◆ **Stored data**:
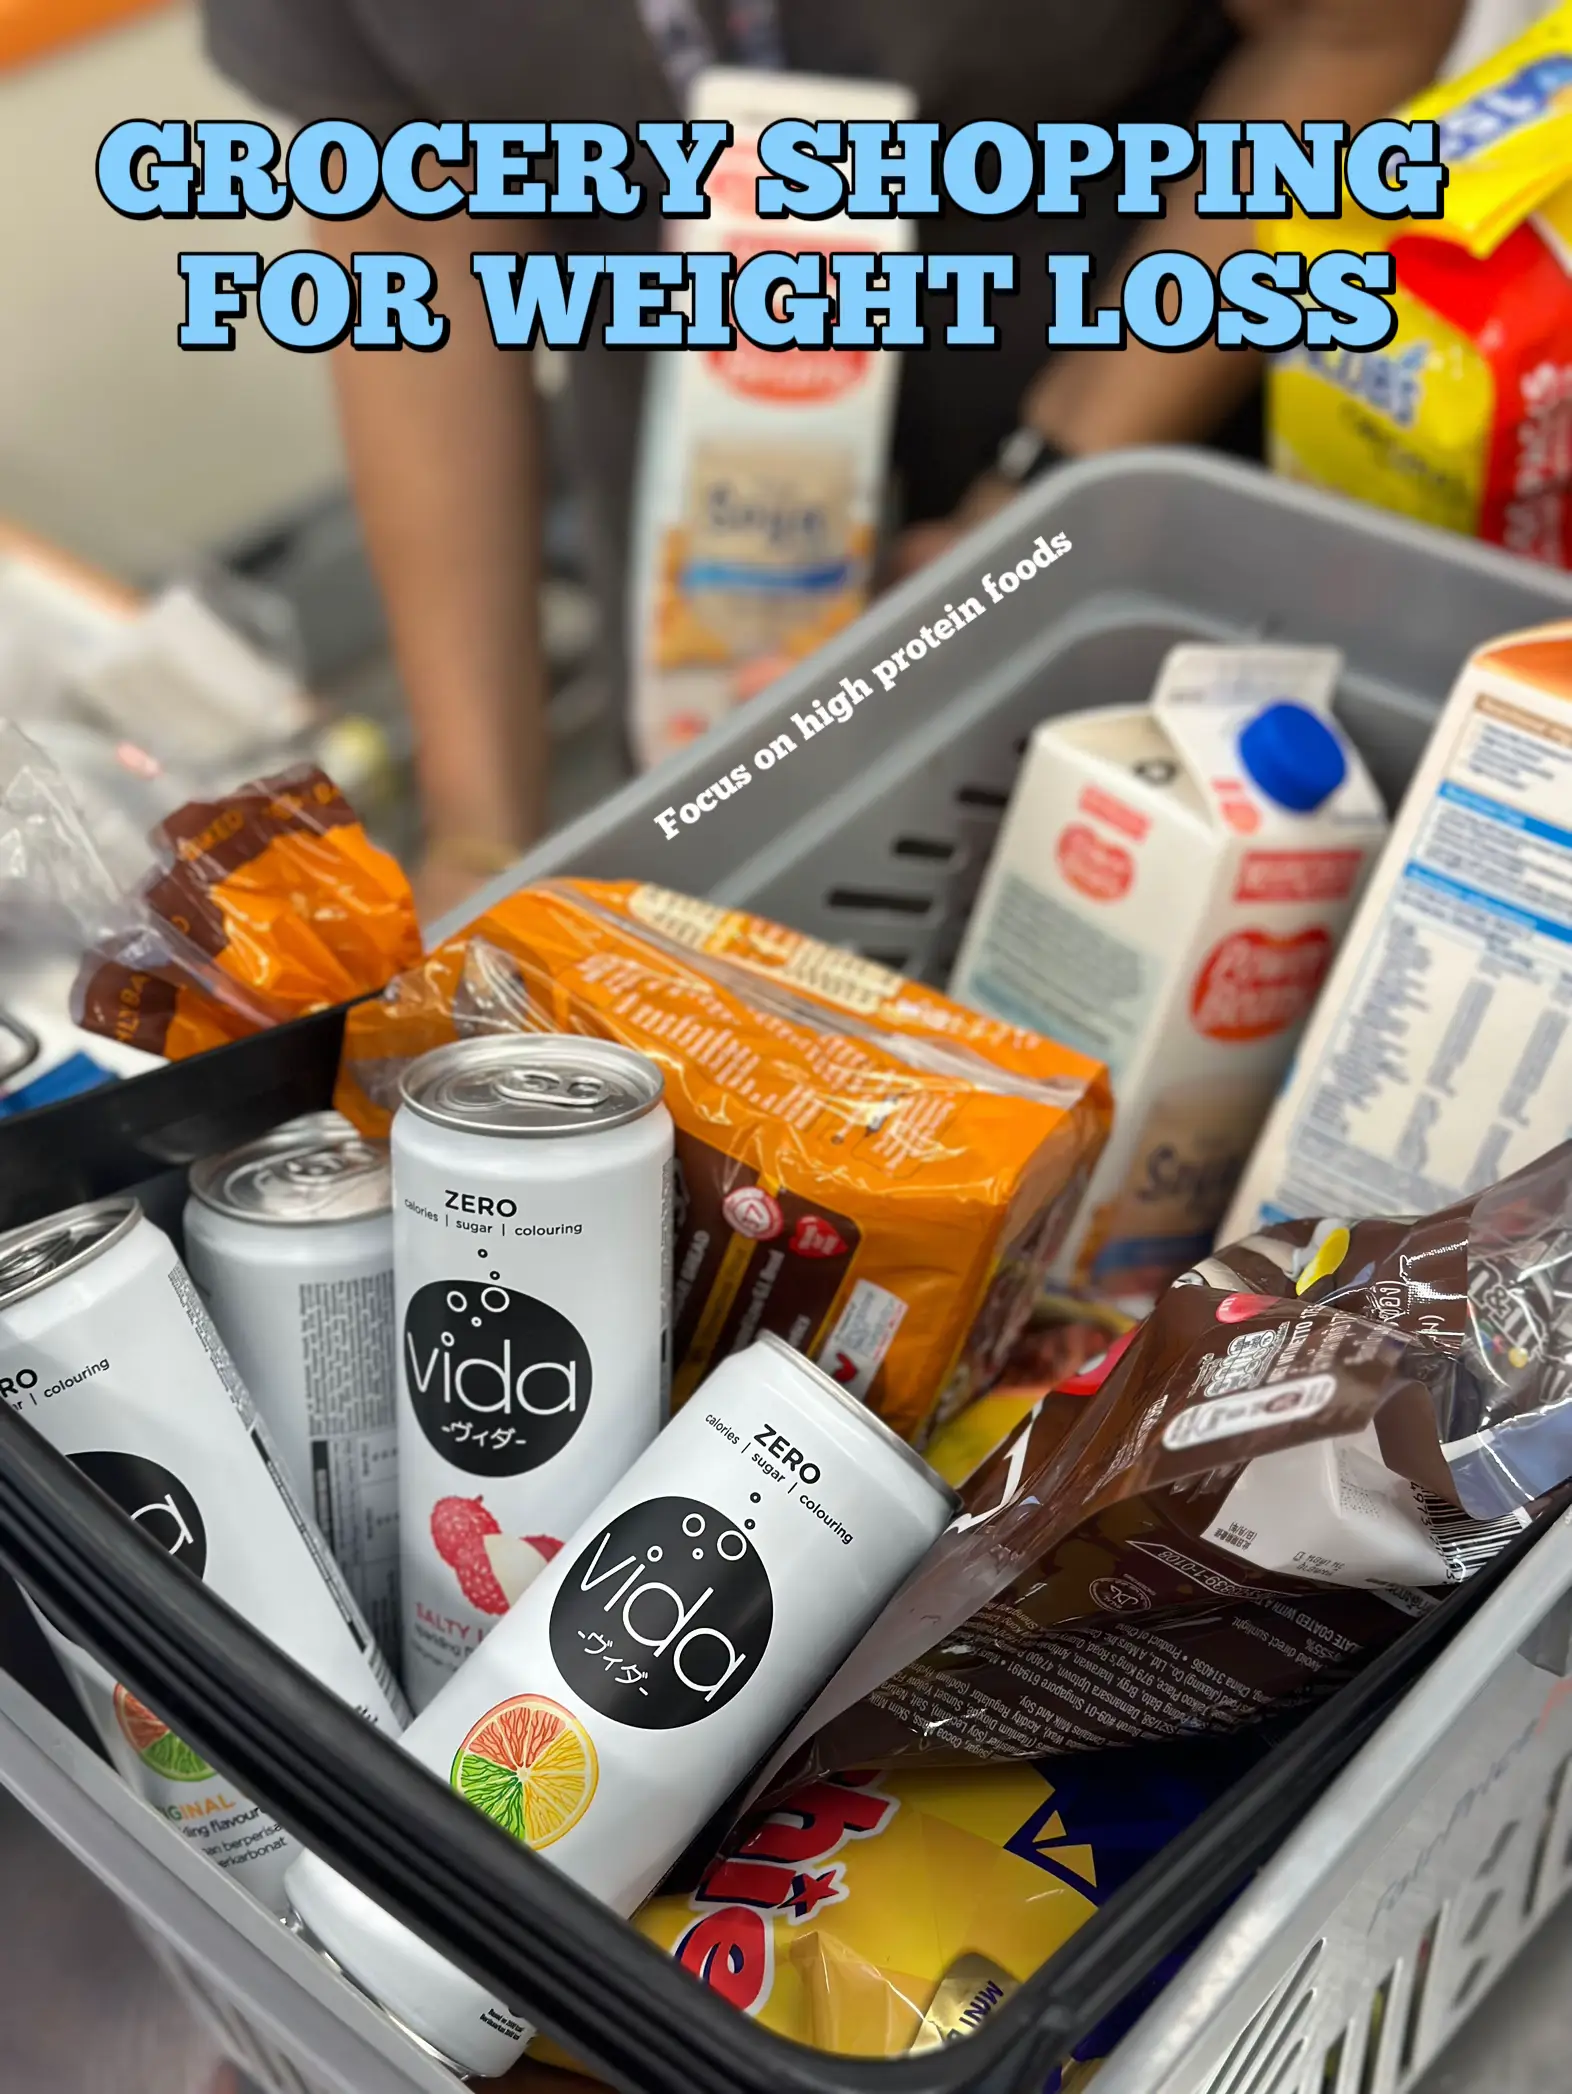 GROCERY SHOPPING FOR WEIGHT LOSS's images(0)
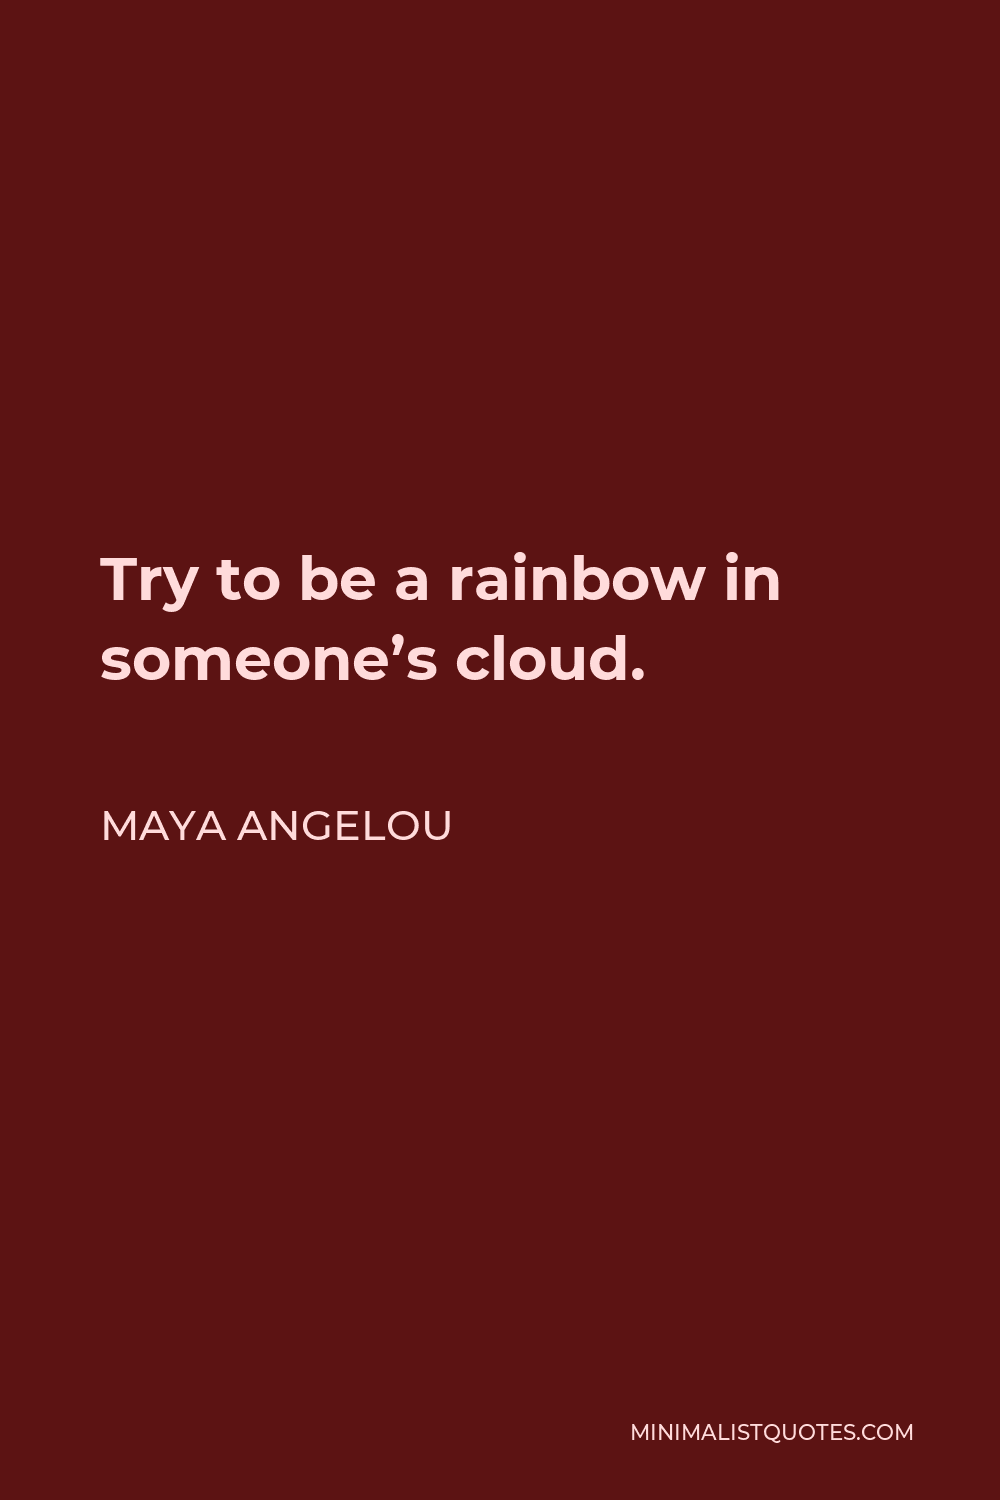 Maya Angelou Quote - Try to be a rainbow in someone’s cloud.
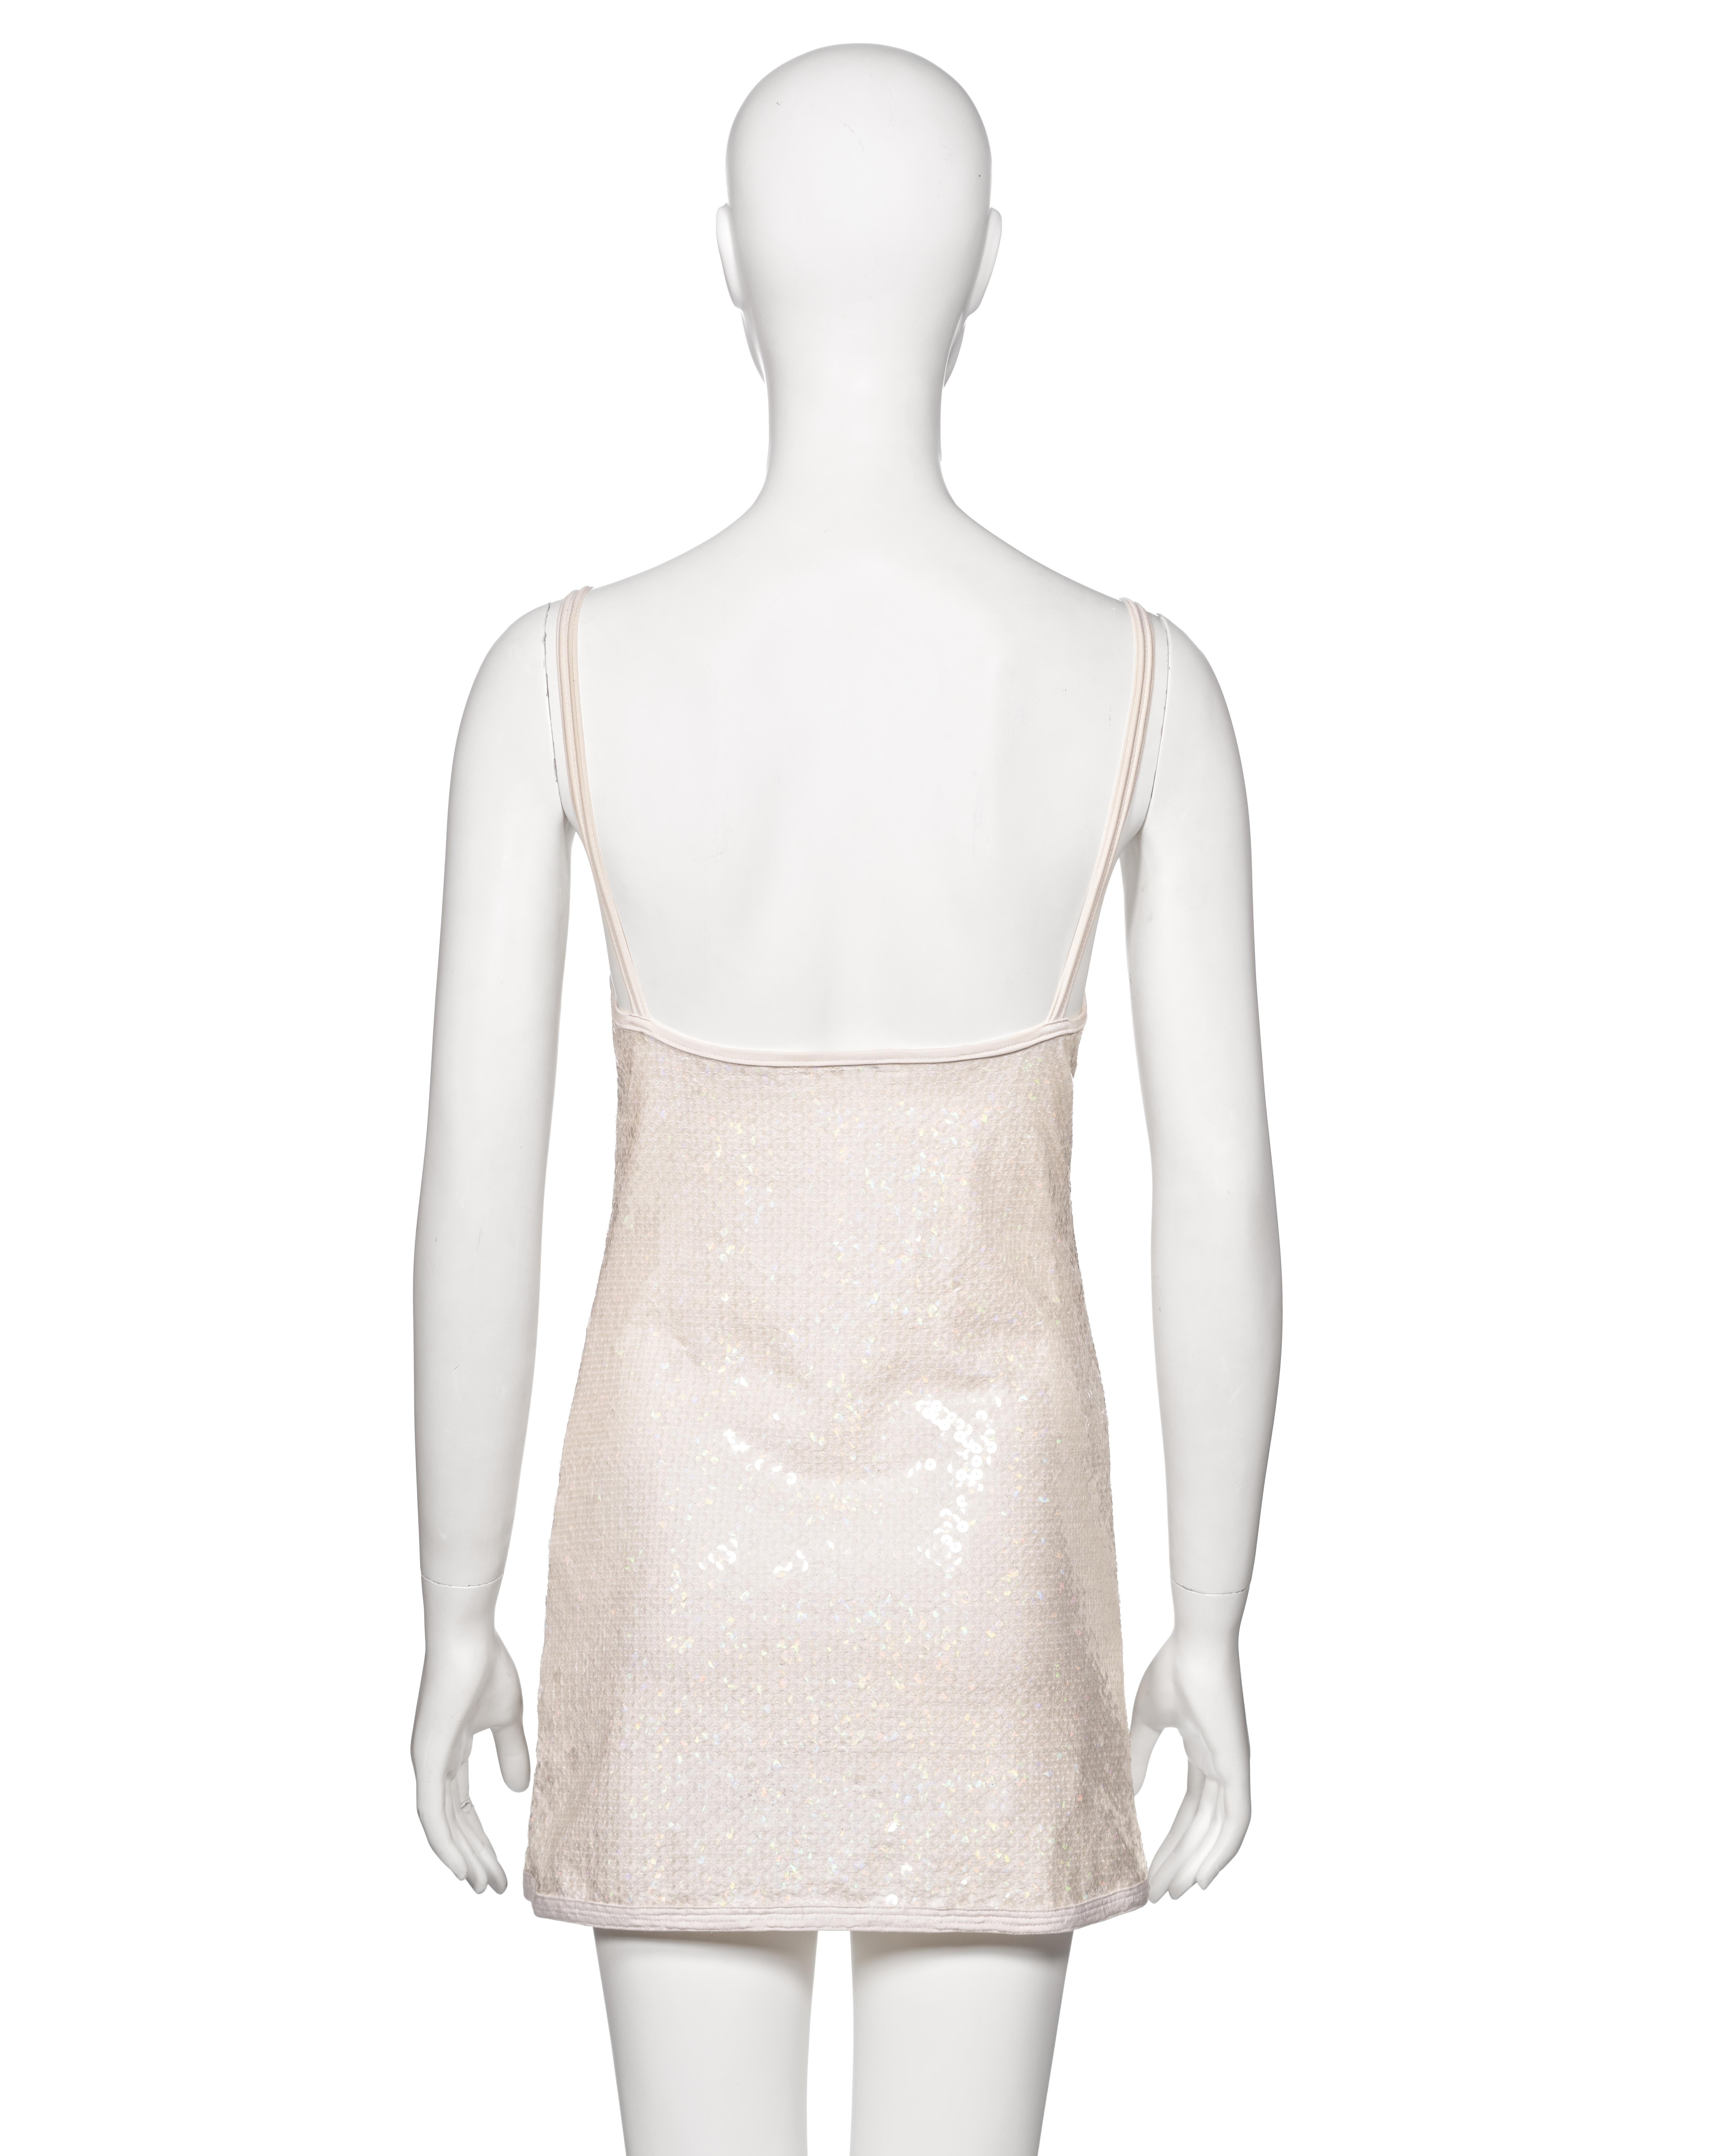 Chanel by Karl Lagerfeld White Iridescent Sequin Mini Dress, ss 2005 4

◆ **Your goal**: Everything in the data except the pictures must be retyped exactly.

◆ **Solution to this task**:
 GROCERY SHOPPING FOR WEIGHT LOSS's images(0)
 Maya Angelou Quote - Try to be a rainbow in someone’s cloud.
 Chanel by Karl Lagerfeld White Iridescent Sequin Mini Dress, ss 2005 4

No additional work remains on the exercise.